***** Data

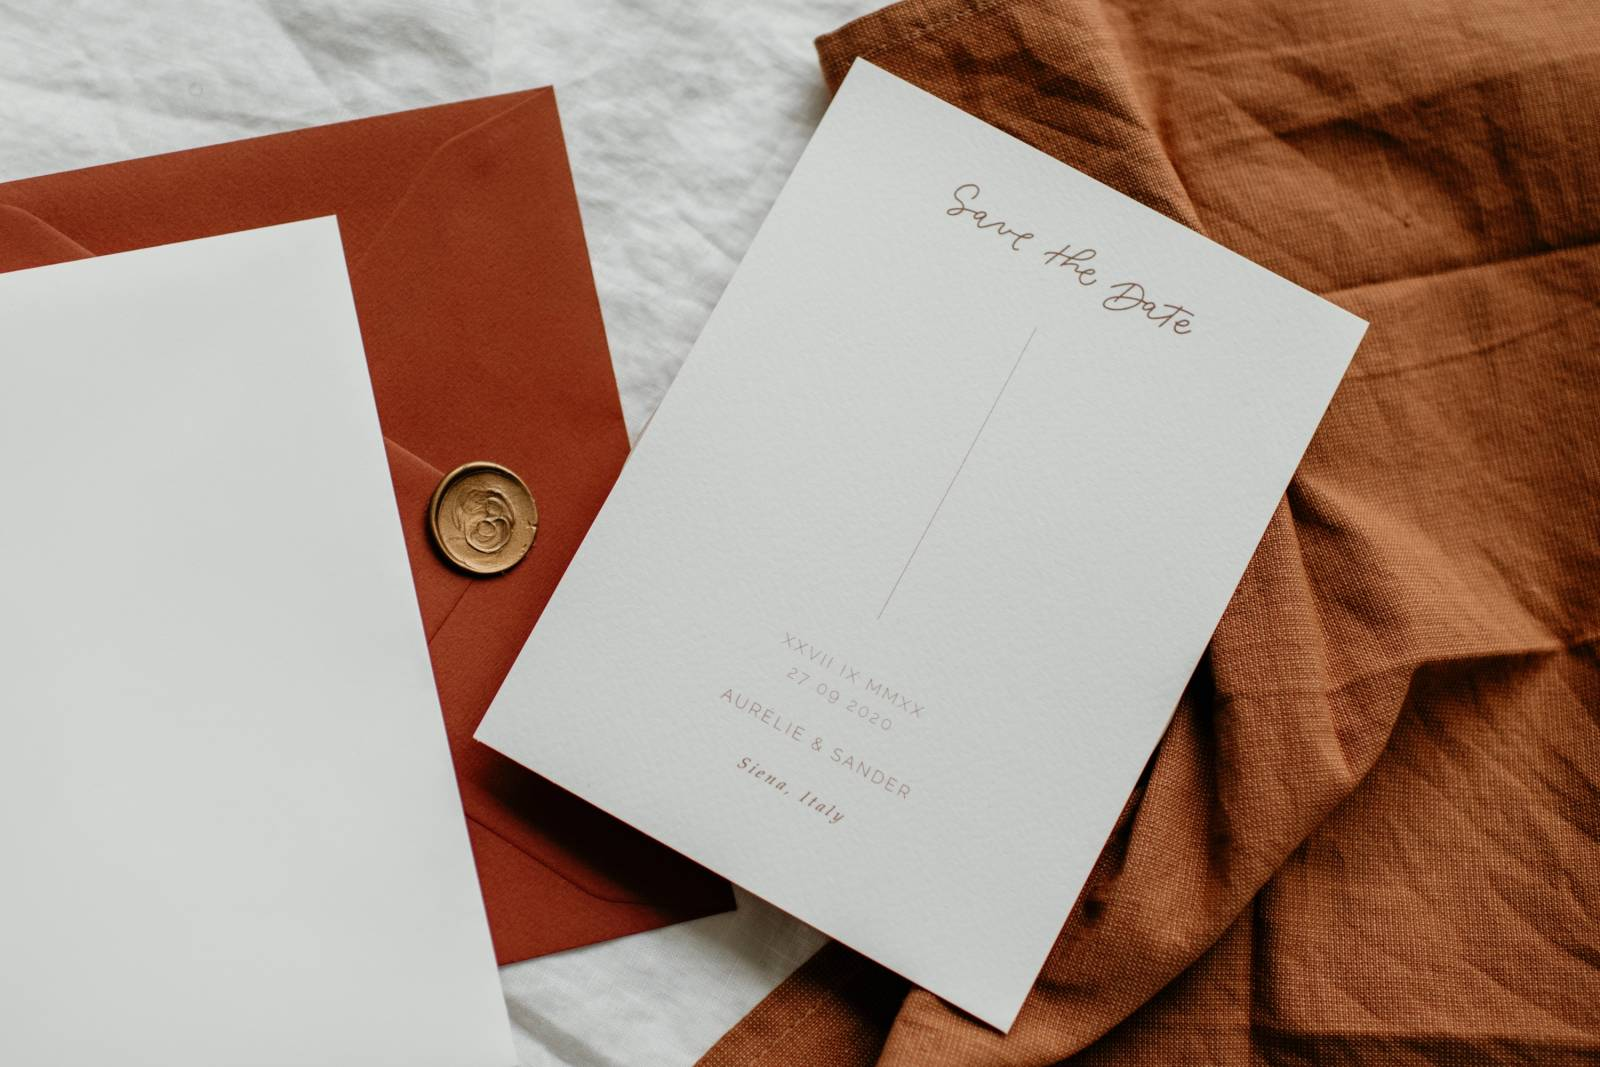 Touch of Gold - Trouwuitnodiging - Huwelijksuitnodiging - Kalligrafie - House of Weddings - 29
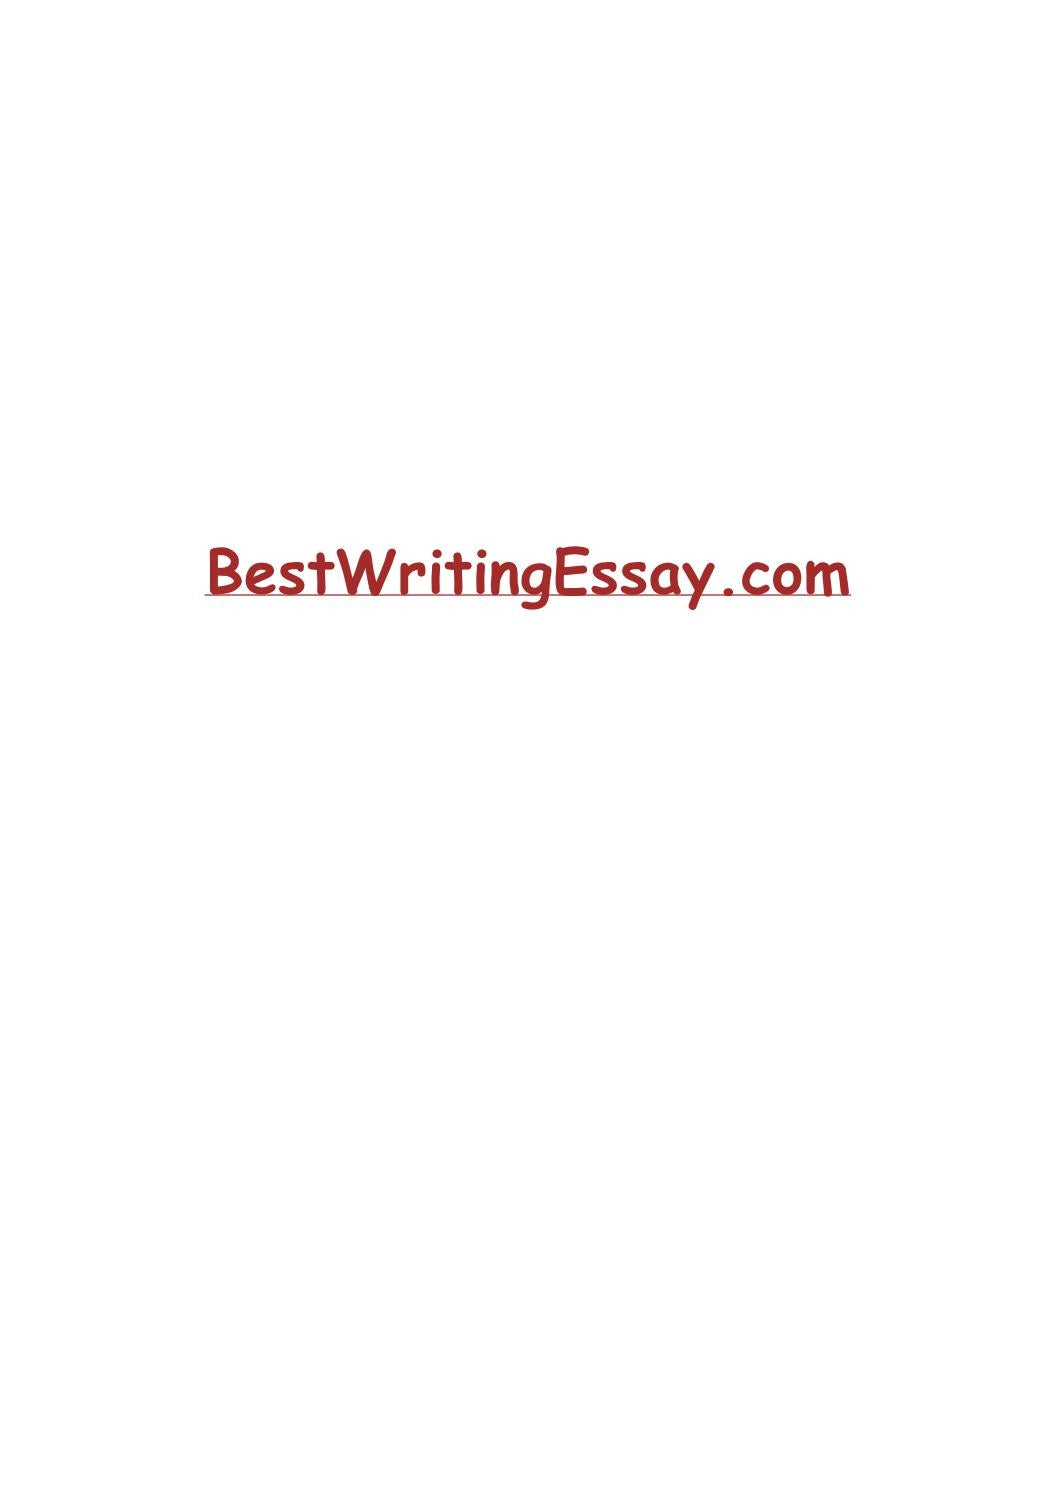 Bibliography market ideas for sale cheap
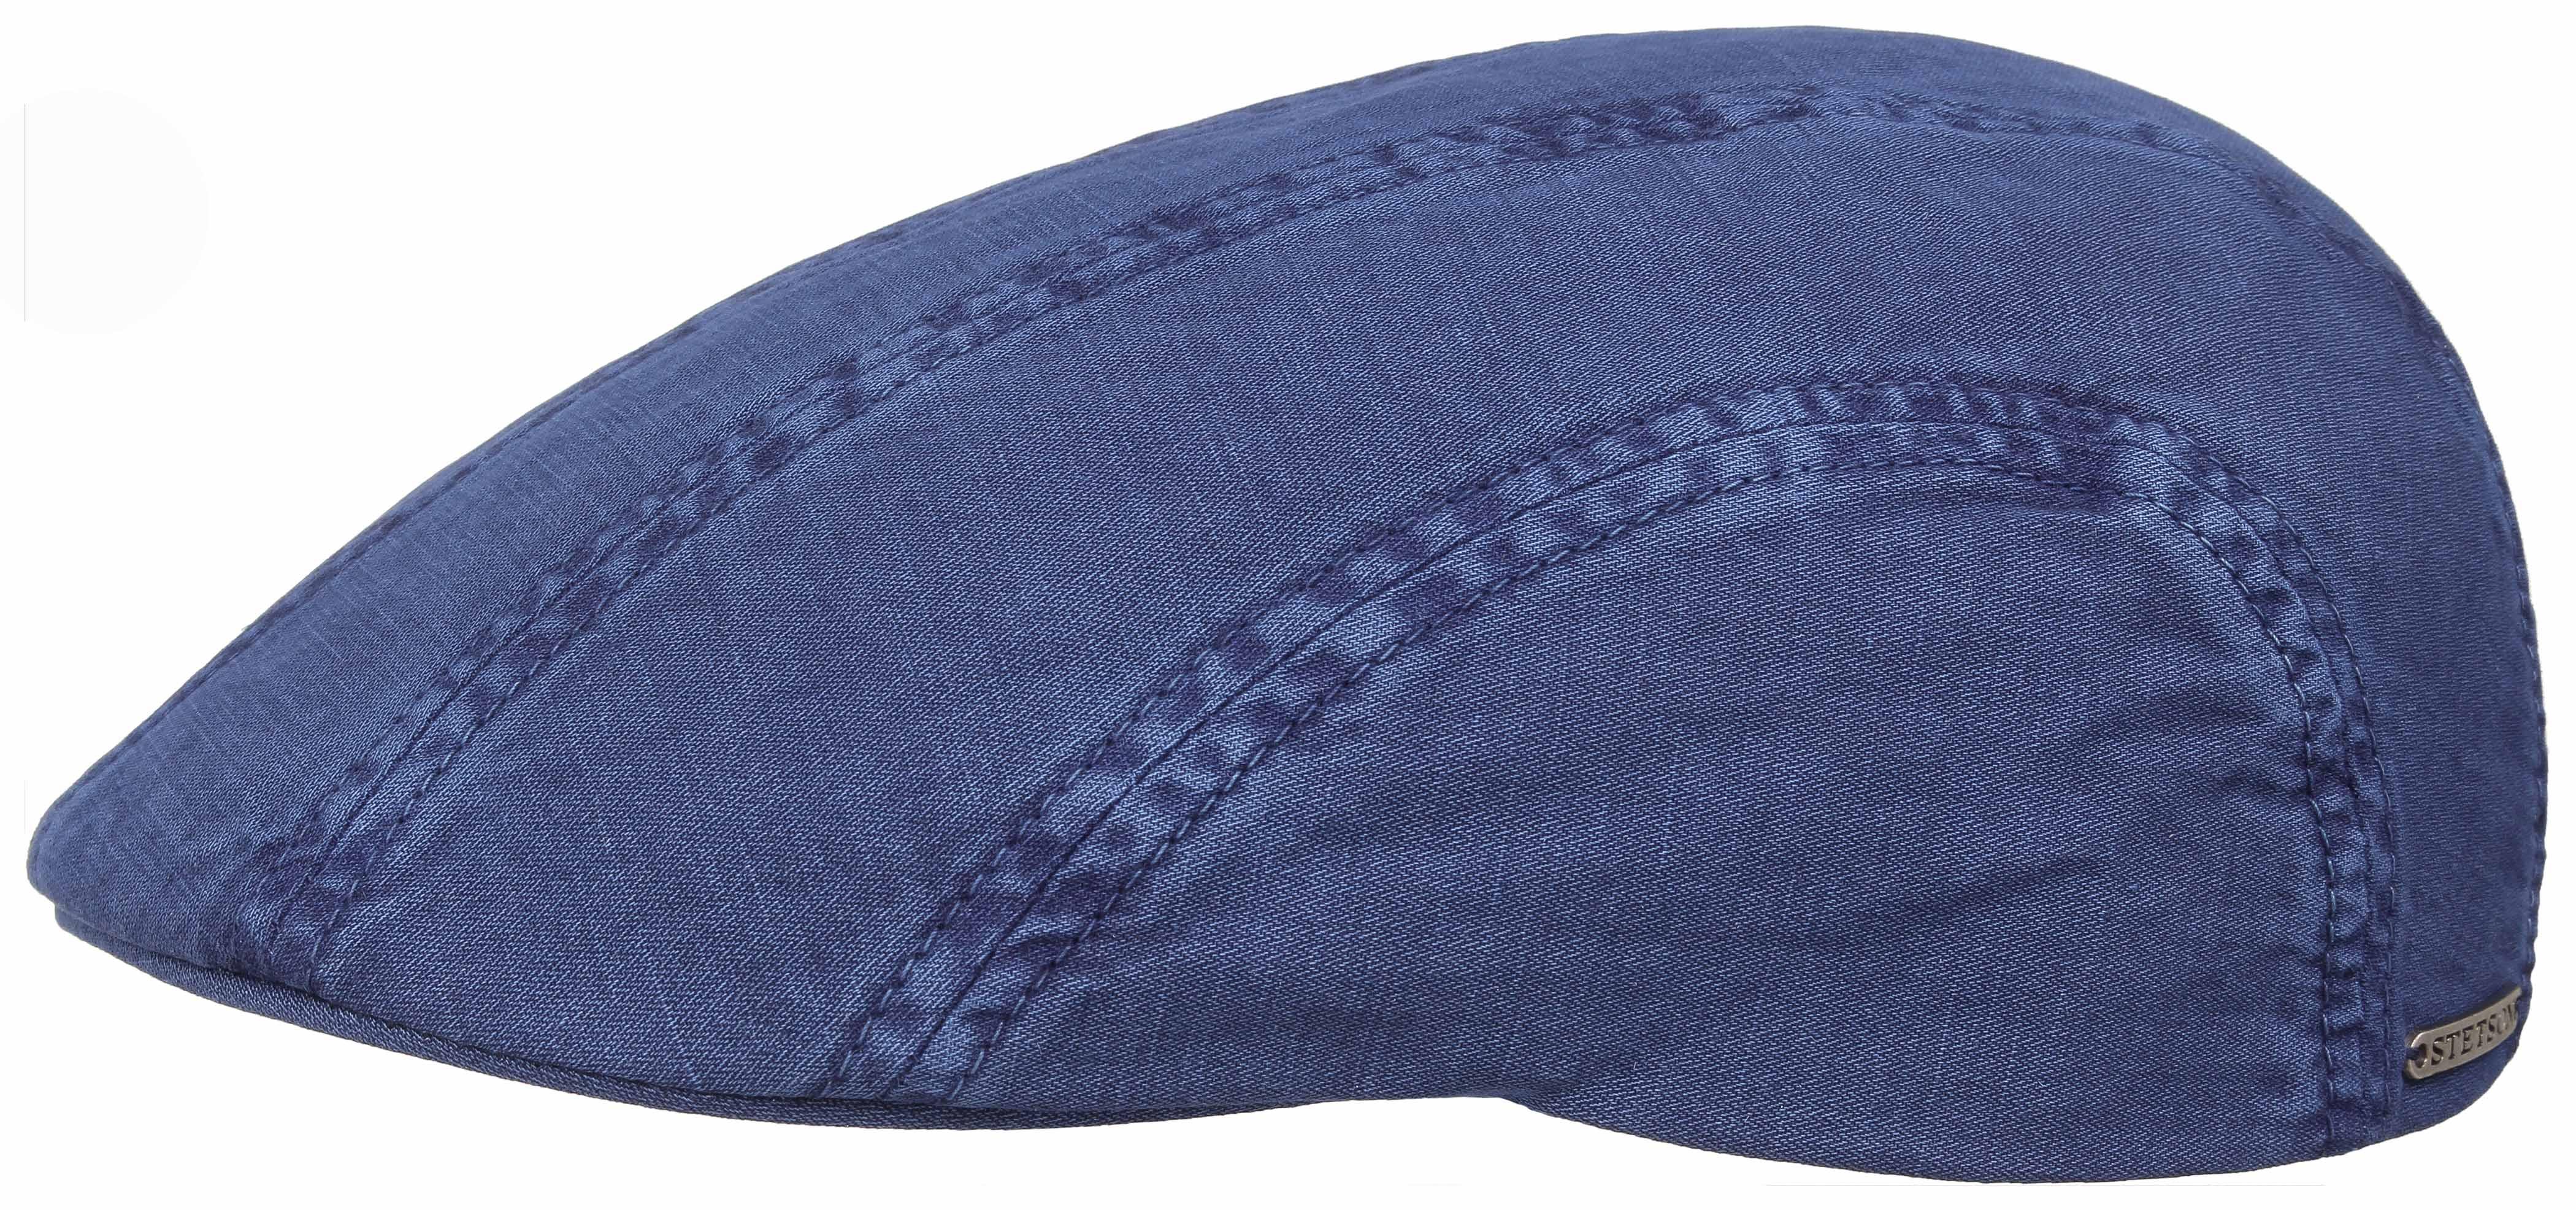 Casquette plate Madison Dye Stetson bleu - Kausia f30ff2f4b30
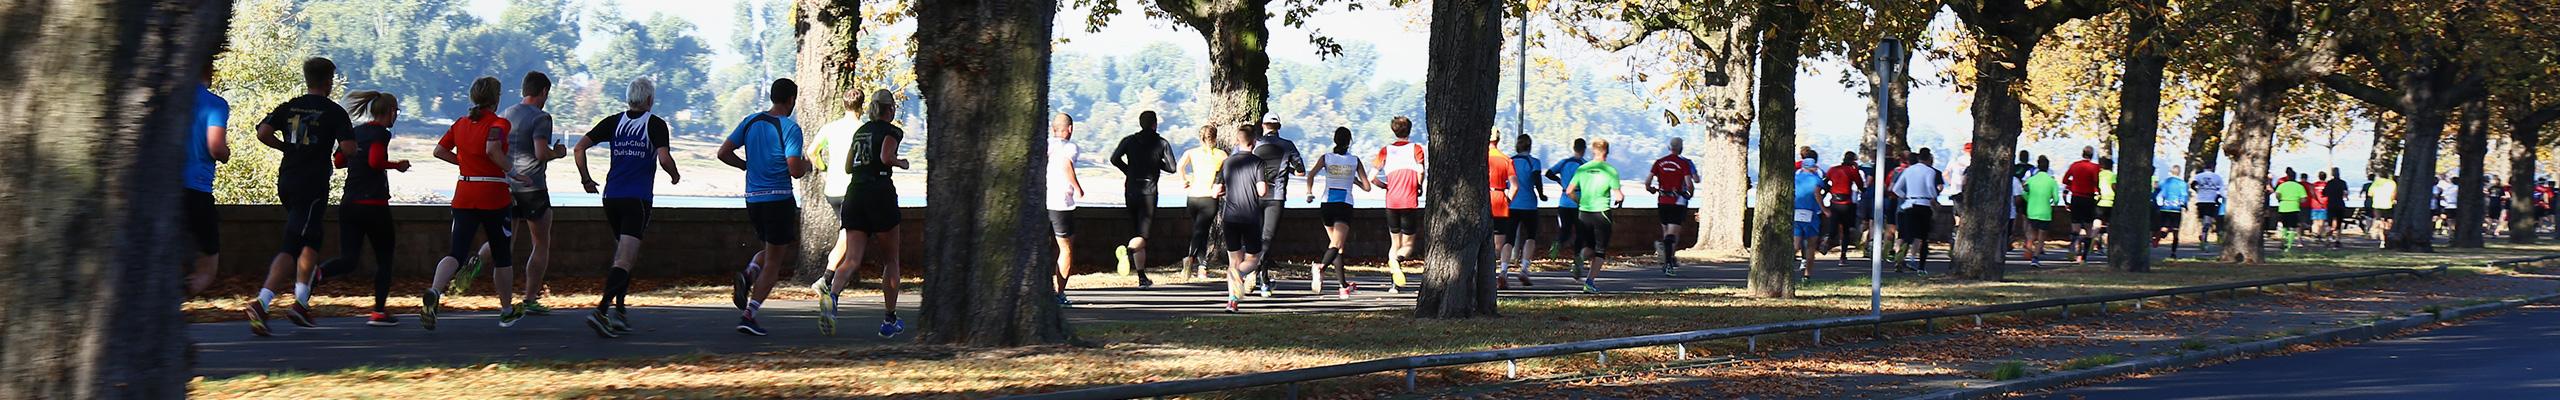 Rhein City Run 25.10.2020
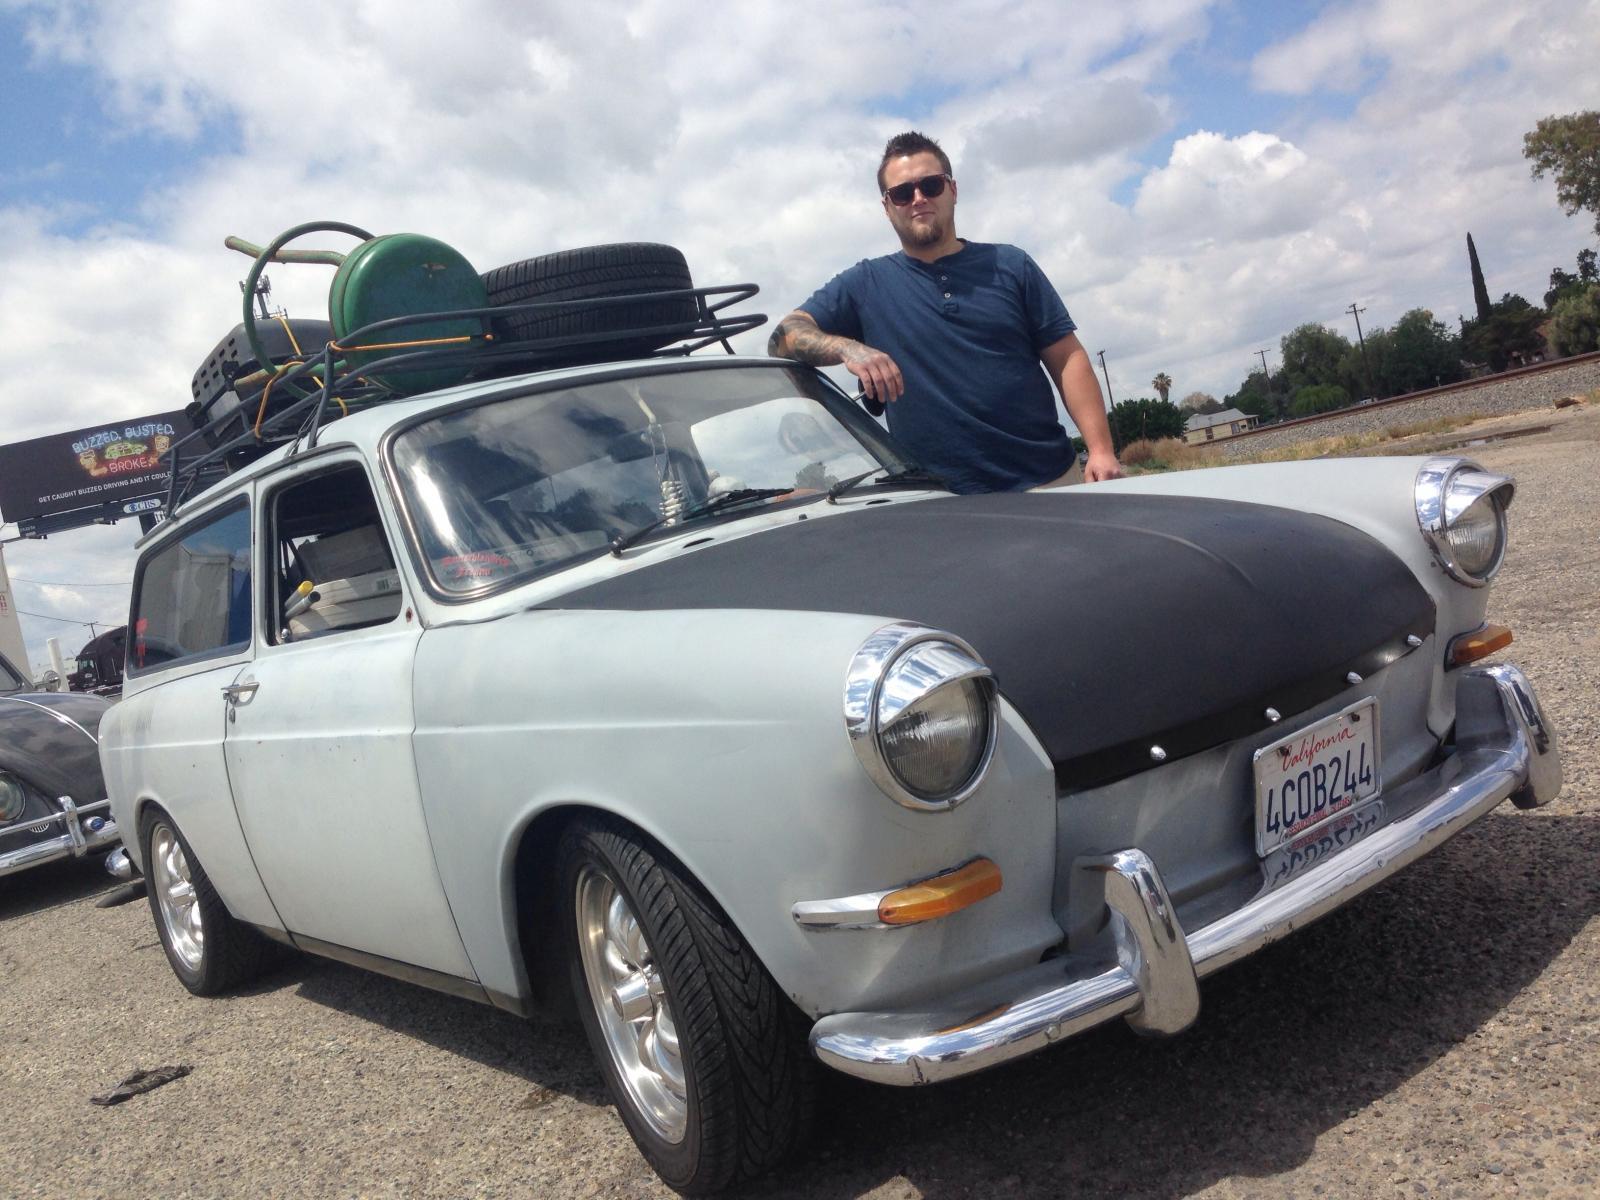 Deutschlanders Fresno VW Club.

**********

_Problem description_:
Leave every picture out and retype exactly the lines of the records above from the one holding "Bibliography market ideas for sale cheap" through the last, both ends included and nothing besides.

_Reply to the task_:
 Bibliography market ideas for sale cheap
 Casquette plate Madison Dye Stetson bleu - Kausia f30ff2f4b30
 Rhein City Run 25.10.2020
 Deutschlanders Fresno VW Club.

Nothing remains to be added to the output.